In molti settori dell’industria i compagni erano spesso «malati». Nel febbraio 1937, la CNT metallurgici dichiarò senza mezzi termini che alcuni operai abusavano degli incidenti sul lavoro. Già nel dicembre 1936, un importante militante del sindacato dei lavoratori del piombo aveva lamentato «irregolarità commesse in quasi tutti i laboratori in relazione alle malattie e agli orari [di lavoro]». Nel gennaio del 1937, un altro lavoratore del piombo notava «il rilassamento» in diverse fabbriche: «Ci sono molti lavoratori che perdono un giorno o mezzo per scopi personali, non perché sono malati».
La commissione tecnica CNT dei muratori attirò l’attenzione sul caso di un operaio che, avendo un certificato medico per «epilessia», era stato visto fare del giardinaggio durante una visita dei membri della commissione.
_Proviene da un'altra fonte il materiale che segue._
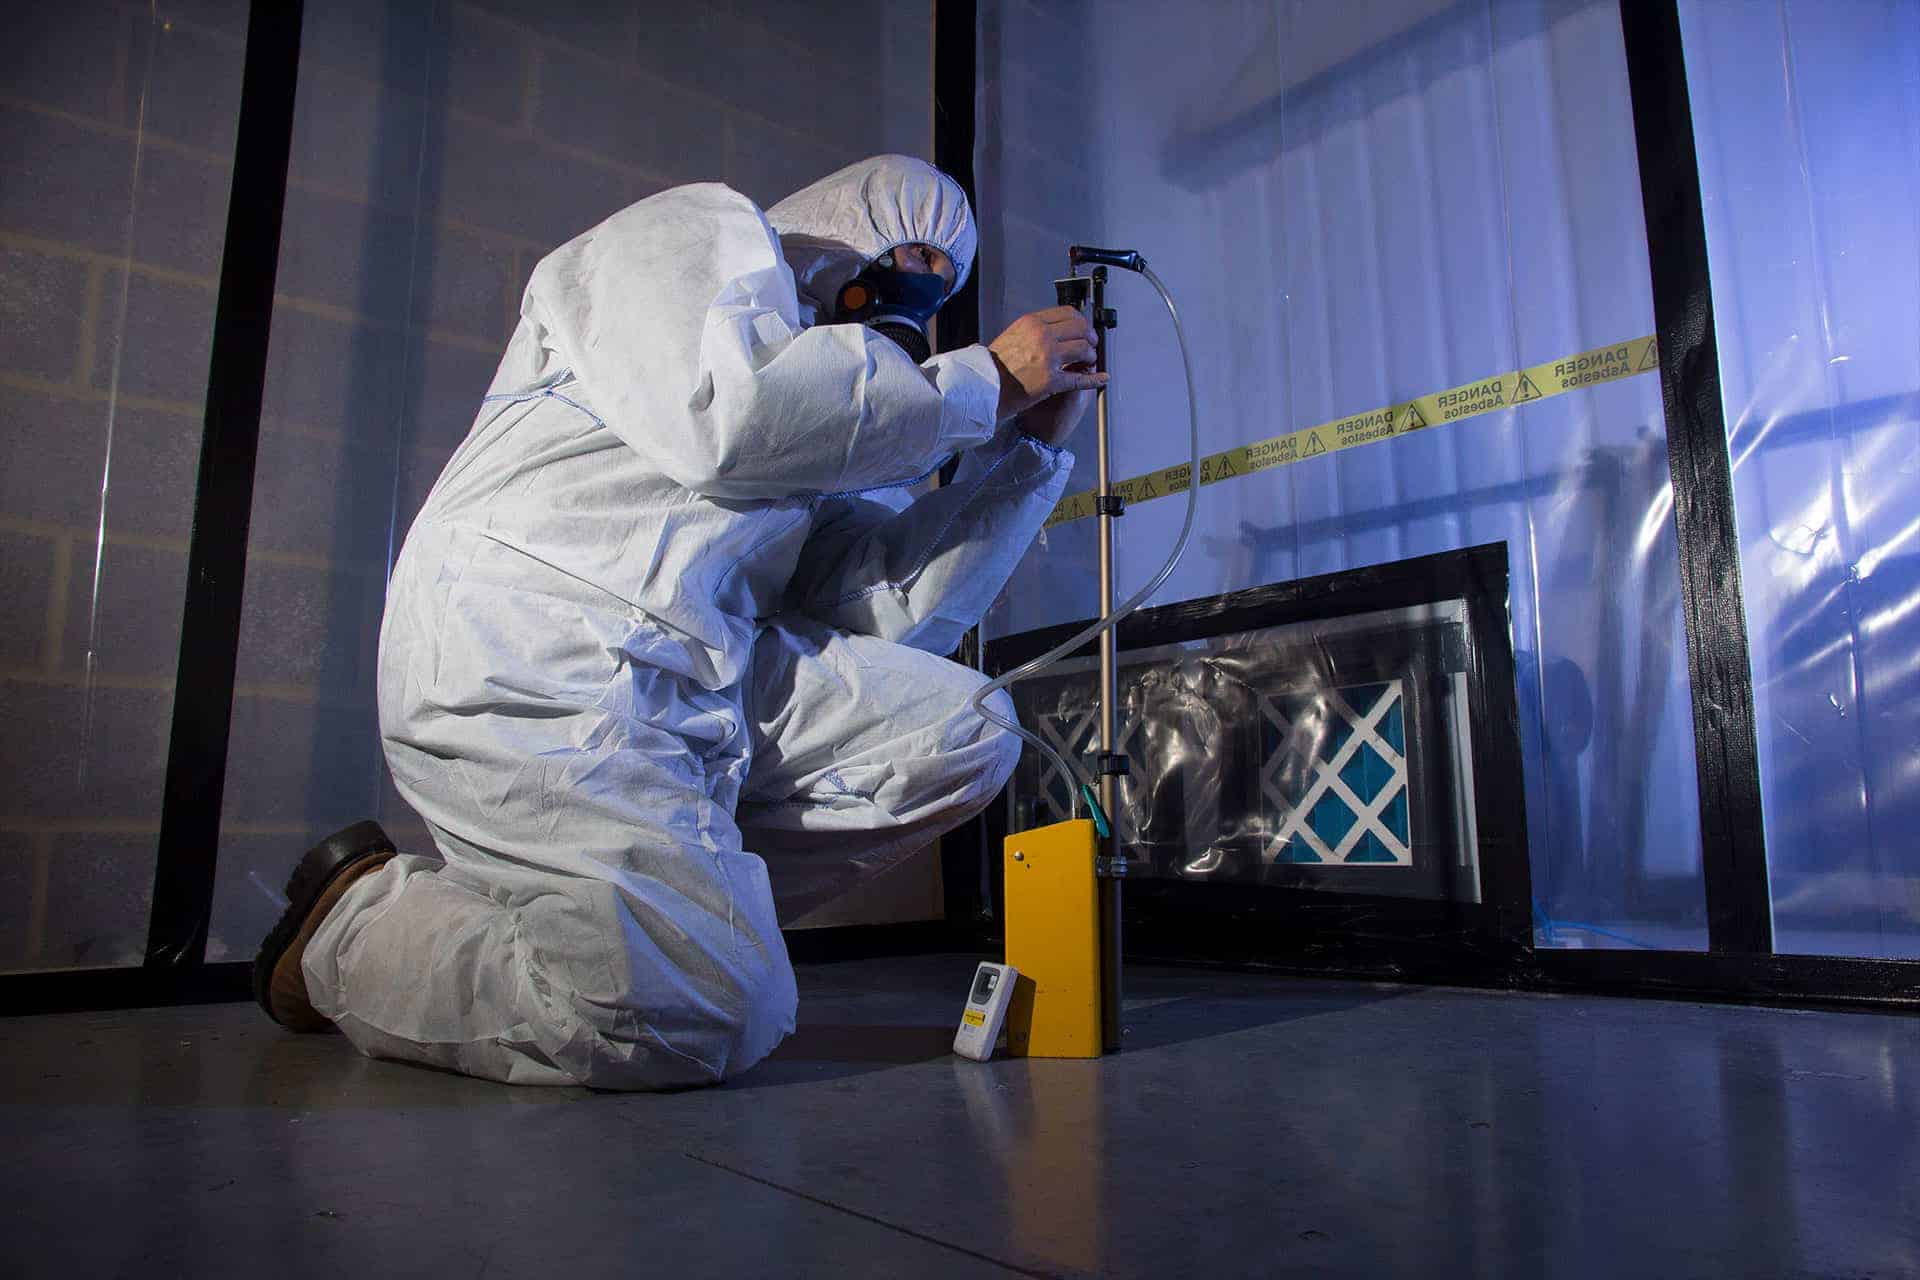 Man in HAZMAT suit taking samples and monitoring air for asbestos

Vennero segnalati furti nelle fabbriche e nelle collettività. La CNT metalli non ferrosi affermò che un compagno che lavorava in una fabbrica controllata dalla CNT aveva portato via degli strumenti al momento di dare le dimissioni per l’esercito. Nel dicembre 1936, la sezione dei meccanici della famosa Colonna Durruti avvisò la CNT della metallurgia che un compagno era partito con gli strumenti «probabilmente senza prestarvi attenzione», e chiese al sindacato di fargli restituire l’attrezzatura mancante il più rapidamente possibile. Anche la CNT dei calzolai prese atto di vari furti. E alcuni militanti e funzionari delle collettività furono accusati di appropriazione indebita e abuso di fondi.
Di fronte ai sabotaggi, ai furti, all’assenteismo, ai ritardi, alla simulazione di malattie e ad altre forme di resistenza della classe operaia nei confronti del lavoro e sul posto di lavoro, i sindacati e le collettività cooperarono per stabilire regole e regolamenti severi equiparabili ai controlli nelle imprese capitaliste, se non superiori. Il 18 giugno 1938, i delegati della CNT e della UGT della collettività Gonzalo Coprons y Prat, che produceva divise militari, comunicarono un serio calo della produzione per il quale non vi era alcuna «spiegazione soddisfacente». I delegati dei due sindacati invocarono il rispetto delle quote di produzione e dell’orario di lavoro, un rigoroso controllo delle assenze, ed il «rafforzamento dell’autorità morale dei tecnici». La collettività della ditta di abbigliamento F. Vehils Vidals, che aveva istituito un complesso sistema di incentivi per i suoi 450 operai, approvò il 5 marzo 1938 nel corso di una assemblea generale una serie di regole molto severe: fu nominato un operaio per controllare i ritardari e un elevato numero di ritardi che avrebbe comportato l’esclusione; i compagni malati avrebbero ricevuto la visita di un delegato del consiglio della collettività, e se assenti da casa sarebbero stati multati; era vietato lasciare la collettività durante le ore di lavoro, e qualsiasi compito all’interno della collettività doveva essere svolto nell’interesse della stessa, in altre parole, le questioni personali erano bandite; i compagni che lasciavano i laboratori con dei pacchetti erano obbligati a mostrarli alle guardie incaricate della sorveglianza; se un operaio era testimone di un furto, di una frode o di altro atto disonesto, doveva riferirlo per non essere accusato di complicità; i tecnici erano invitati a fare un rapporto settimanale su quanto era stato realizzato nelle loro sezioni; infine, non sarebbe stato tollerato che venisse disturbato «l’ordine né dentro né fuori la fabbrica», e ogni operaio mancante alle assemblee doveva pagare una multa.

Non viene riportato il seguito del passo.